← Back to context

Comment by minimaxir

4 days ago

Looking at the file sizes on the open weights version (https://huggingface.co/black-forest-labs/FLUX.2-dev/tree/mai...), the 24B text encoder is 48GB, the generation model itself is 64GB, which roughly tracks with it being the 32B parameters mentioned.

Downloading over 100GB of model weights is a tough sell for the local-only hobbyists.

100 GB is less than a game download, it's actually running it that's a tough sell. That said, the linked blog post seems to say the optimized model is both smaller and greatly improved the streaming approach from system RAM, so maybe it is actually reasonably usable on a single 4090/5090 type setup (I'm not at home to test).

Never mind the download size. Who has the VRAM to run it?

  • I do, 2x Strix Halo machines ready to go.

    • (Fellow Strix Halo owner): I don't really like calling it VRAM any more than when a dGPU dynamically maps a portion of system RAM. It's really just a system with quad channel RAM speeds attached to a GPU without VRAM - nearly 2x identical in performance to using the system RAM on my 2 channel desktop instead of actual VRAM on the dGPU in the system (which is something like 20x).

      That's great, and I love the little laptop for the amount of x86 perf it can pack into so little cooling, but my used Epyc box of ~the same price is usually faster for AI (despite the complete lack of video card) and able to load models 3x the size (well, before RAM prices doubled this last month) because it has modular 12 channel RAM and memory speeds this low don't really need a GPU to keep up with the matrix math. Meanwhile, Flux is already slow when it's on actual real high bandwidth dedicated GPU memory VRAM.

The download is a trivial onetime cost and so is storing it on a direct attached NVMe SSD. The expensive part is getting a GPU with 64GB of memory.

Even a 5090 can handle that. You have to use multiple GPUs.

So the only option will be [klein] on a single GPU... maybe? Since we don't have much information.
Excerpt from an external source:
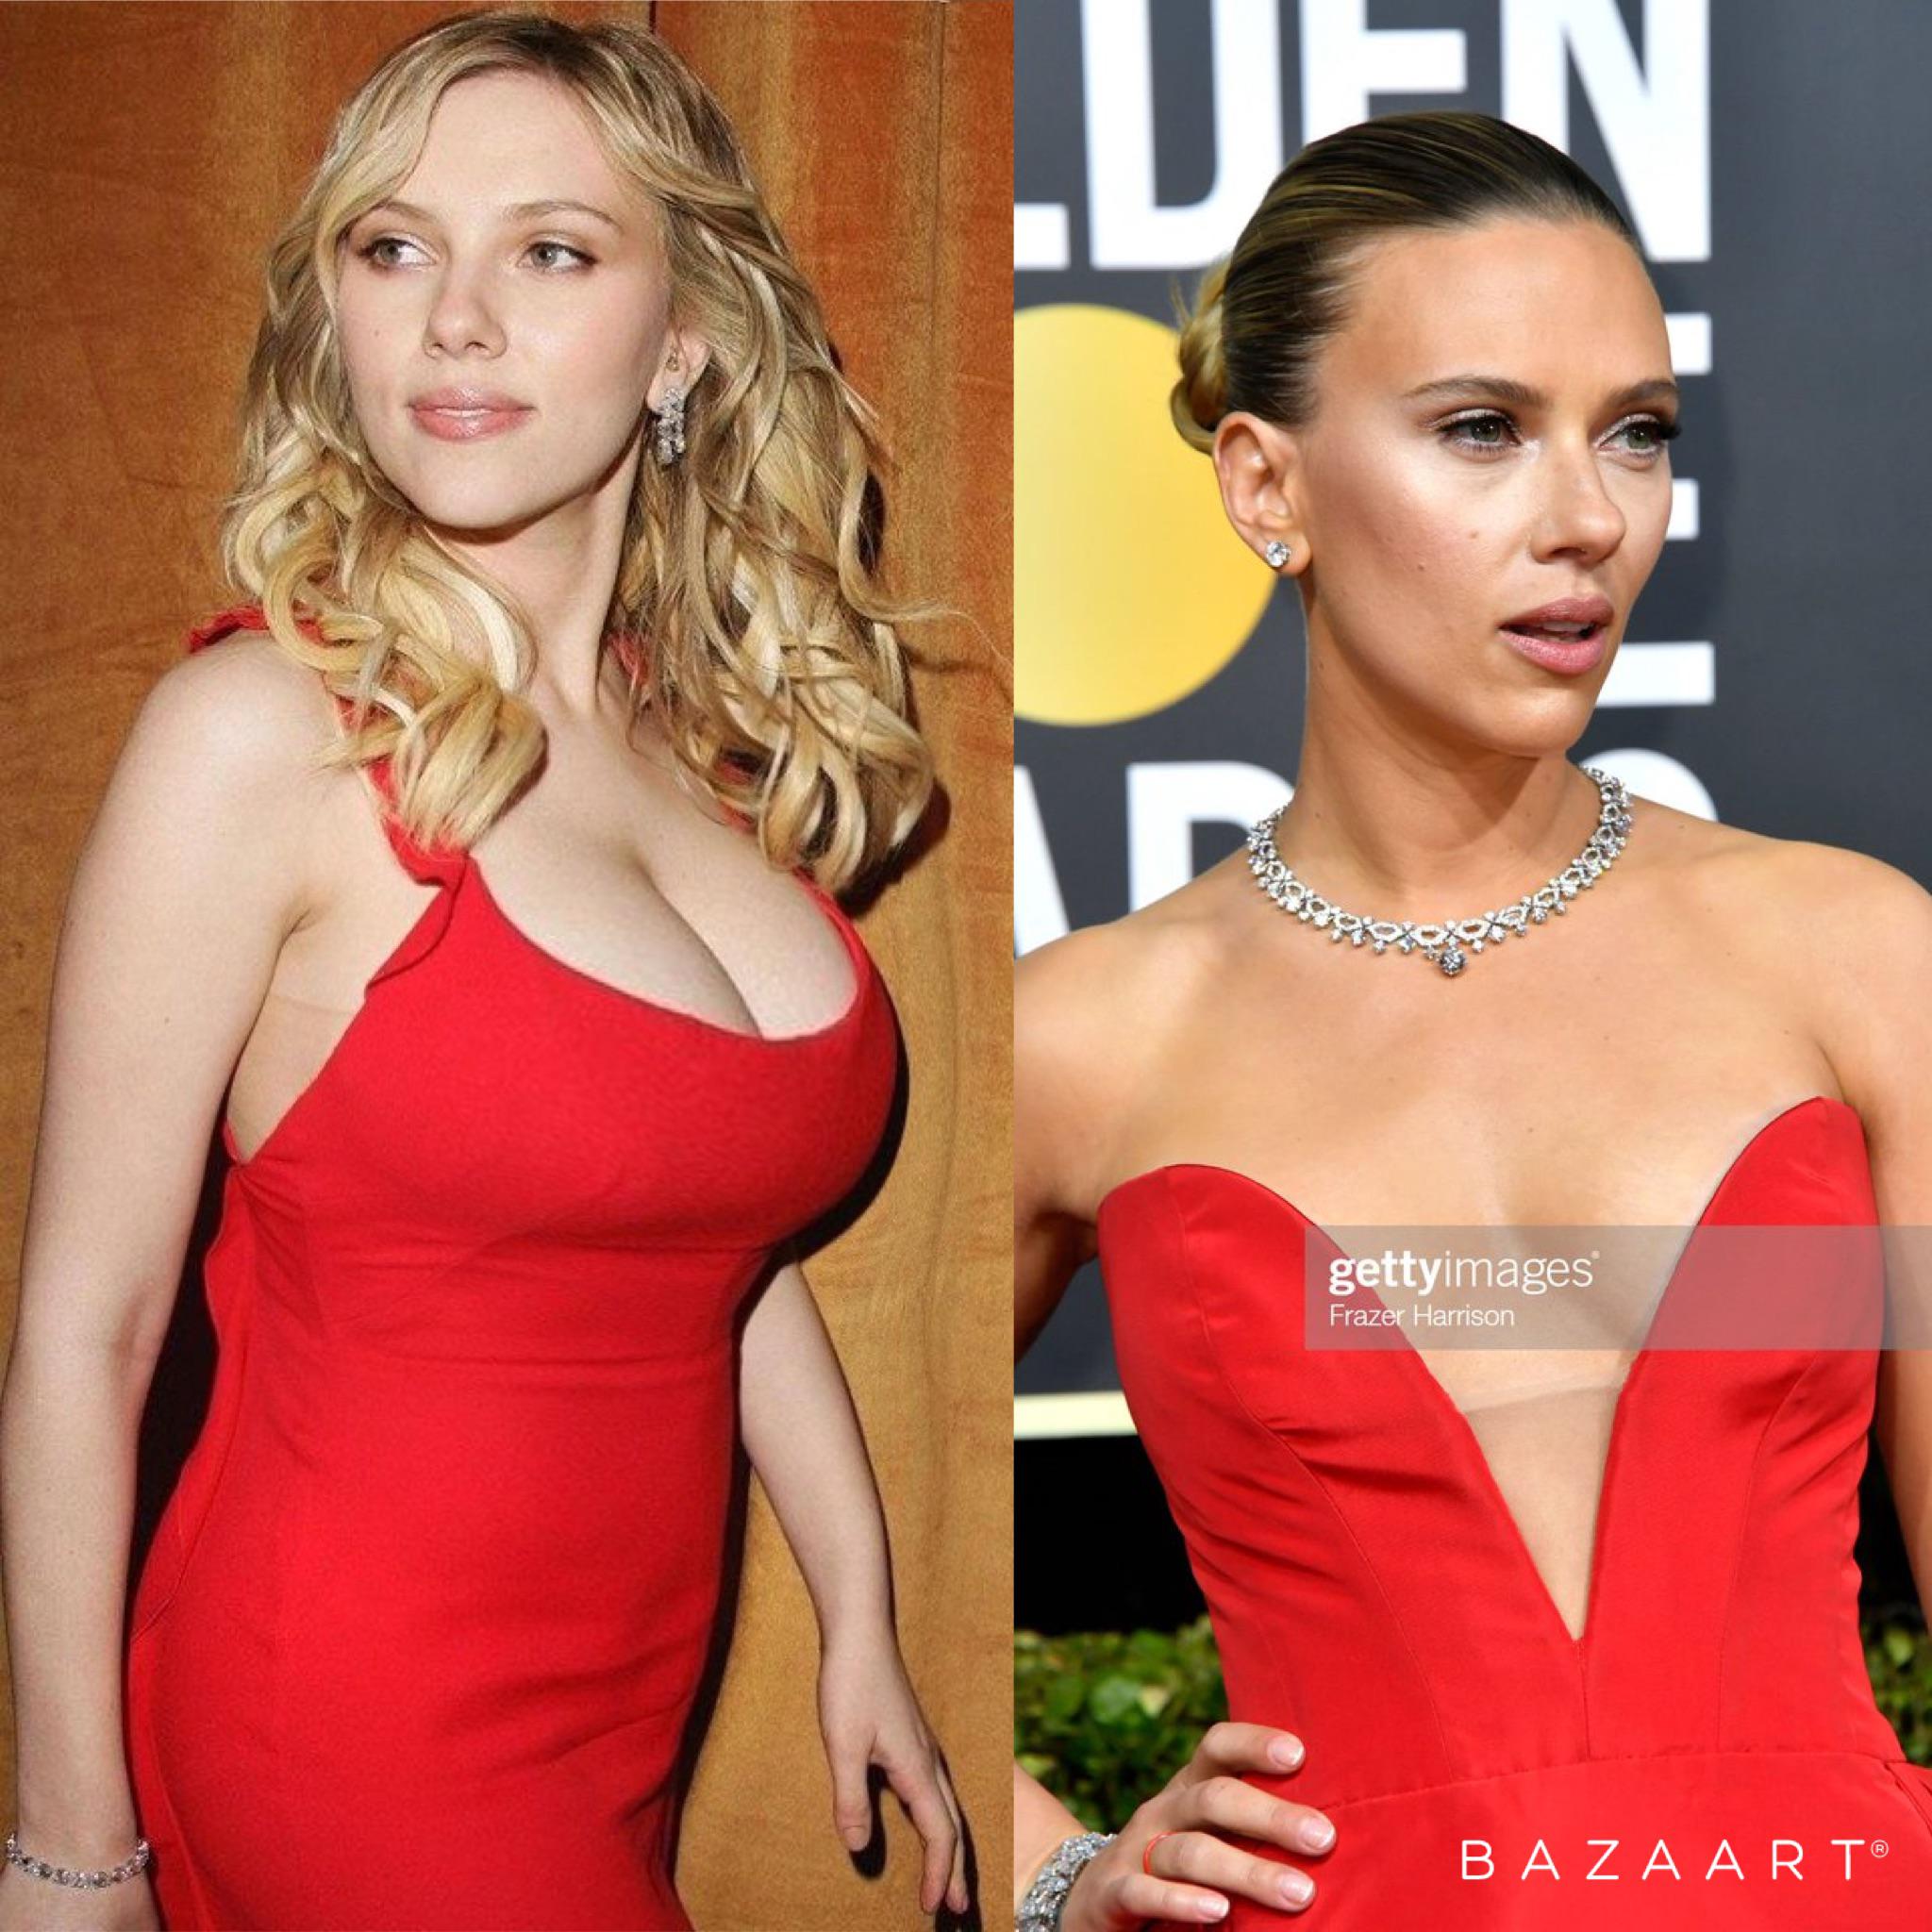 Scarlett Johansson - Do you guys prefer bigger or skinny? 50

  • As far as I know, no open-weights image gen tech supports multi-GPU workflows except in the trivial sense that you can generate two images in parallel. The model either fits into the VRAM of a single card or it doesn’t. A 5ish-bit quantization of a 32Gw model would be usable by owners of 24GB cards, and very likely someone will create one.

  • > Even a 5090 can handle that. You have to use multiple GPUs.

    It takes about 40GB with the fp8 version fully loaded, but ComfyUI can (at reduced speed), with enough system RAM available, partially load models in VRAM during inference and swap at need (the NVidia page linked in the BFL announcement specifically highlights NVidia working with ComfyUI to improve this existing capacity specifically to enable Flux.2) to run on systems with too little VRAM to fully load the model.